#### [Required action]
Your answer should be only the lines below from the one with "Angostura 16 yo" to the one with "(BOOK)-Ethics for Speech-Language", repeated exactly, ends included.

#### [Records for the exercise]

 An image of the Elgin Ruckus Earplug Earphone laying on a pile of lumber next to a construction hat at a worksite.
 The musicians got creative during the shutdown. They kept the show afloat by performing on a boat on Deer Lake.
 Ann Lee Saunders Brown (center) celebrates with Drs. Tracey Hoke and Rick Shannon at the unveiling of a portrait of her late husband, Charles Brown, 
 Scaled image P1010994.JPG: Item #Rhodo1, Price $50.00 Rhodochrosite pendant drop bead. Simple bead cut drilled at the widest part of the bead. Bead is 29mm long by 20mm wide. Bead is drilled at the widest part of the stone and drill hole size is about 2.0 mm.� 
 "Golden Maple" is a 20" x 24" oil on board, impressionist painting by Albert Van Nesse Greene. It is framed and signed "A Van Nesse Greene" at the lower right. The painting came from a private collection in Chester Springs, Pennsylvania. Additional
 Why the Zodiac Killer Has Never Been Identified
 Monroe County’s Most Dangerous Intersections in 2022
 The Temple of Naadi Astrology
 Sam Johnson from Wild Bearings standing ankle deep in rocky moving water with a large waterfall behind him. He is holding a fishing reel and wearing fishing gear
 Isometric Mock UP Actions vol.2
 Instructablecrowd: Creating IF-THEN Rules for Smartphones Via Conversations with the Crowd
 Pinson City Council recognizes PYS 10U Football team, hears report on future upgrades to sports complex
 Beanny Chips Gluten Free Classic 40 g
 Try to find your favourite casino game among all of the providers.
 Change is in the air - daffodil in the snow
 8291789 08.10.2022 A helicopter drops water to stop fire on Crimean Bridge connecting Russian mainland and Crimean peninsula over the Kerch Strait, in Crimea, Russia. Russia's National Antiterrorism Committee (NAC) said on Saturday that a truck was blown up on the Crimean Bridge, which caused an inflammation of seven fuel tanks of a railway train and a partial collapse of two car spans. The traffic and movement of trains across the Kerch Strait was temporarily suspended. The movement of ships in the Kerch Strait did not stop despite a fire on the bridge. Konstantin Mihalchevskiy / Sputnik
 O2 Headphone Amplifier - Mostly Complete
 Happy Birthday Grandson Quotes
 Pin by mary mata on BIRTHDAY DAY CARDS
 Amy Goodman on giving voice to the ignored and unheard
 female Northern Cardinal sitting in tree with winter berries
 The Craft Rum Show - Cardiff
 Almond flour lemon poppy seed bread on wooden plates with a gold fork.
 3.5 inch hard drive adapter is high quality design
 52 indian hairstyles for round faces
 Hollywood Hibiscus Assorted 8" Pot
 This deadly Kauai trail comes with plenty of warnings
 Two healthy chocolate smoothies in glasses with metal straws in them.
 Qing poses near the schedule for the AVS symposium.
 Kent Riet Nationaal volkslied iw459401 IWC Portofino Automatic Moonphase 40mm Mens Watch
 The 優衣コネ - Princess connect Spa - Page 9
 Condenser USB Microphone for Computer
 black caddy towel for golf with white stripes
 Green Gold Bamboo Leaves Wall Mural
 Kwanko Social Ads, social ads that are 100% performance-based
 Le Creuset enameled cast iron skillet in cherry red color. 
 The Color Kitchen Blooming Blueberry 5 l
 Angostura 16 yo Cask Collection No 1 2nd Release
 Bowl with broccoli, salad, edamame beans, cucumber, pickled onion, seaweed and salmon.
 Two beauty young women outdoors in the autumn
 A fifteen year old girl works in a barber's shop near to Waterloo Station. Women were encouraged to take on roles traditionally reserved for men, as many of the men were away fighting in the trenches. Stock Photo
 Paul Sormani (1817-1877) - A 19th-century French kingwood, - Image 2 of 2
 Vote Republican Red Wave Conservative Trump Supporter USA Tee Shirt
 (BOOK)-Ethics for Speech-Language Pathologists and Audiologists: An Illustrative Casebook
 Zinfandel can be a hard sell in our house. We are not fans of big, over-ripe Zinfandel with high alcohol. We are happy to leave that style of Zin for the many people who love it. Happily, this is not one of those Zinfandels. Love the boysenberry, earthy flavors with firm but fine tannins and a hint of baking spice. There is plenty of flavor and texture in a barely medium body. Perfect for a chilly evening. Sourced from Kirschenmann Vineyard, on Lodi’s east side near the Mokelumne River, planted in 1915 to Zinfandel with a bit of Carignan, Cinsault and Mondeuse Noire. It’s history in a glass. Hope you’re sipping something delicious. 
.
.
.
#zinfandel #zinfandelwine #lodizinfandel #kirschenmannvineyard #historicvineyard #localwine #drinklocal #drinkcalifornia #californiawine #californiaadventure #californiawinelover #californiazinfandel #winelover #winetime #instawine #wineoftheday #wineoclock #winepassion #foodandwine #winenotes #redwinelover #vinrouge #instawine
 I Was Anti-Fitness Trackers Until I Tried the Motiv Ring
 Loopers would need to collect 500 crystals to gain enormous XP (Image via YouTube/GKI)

#### [Response to this exercise]
 Angostura 16 yo Cask Collection No 1 2nd Release
 Bowl with broccoli, salad, edamame beans, cucumber, pickled onion, seaweed and salmon.
 Two beauty young women outdoors in the autumn
 A fifteen year old girl works in a barber's shop near to Waterloo Station. Women were encouraged to take on roles traditionally reserved for men, as many of the men were away fighting in the trenches. Stock Photo
 Paul Sormani (1817-1877) - A 19th-century French kingwood, - Image 2 of 2
 Vote Republican Red Wave Conservative Trump Supporter USA Tee Shirt
 (BOOK)-Ethics for Speech-Language Pathologists and Audiologists: An Illustrative Casebook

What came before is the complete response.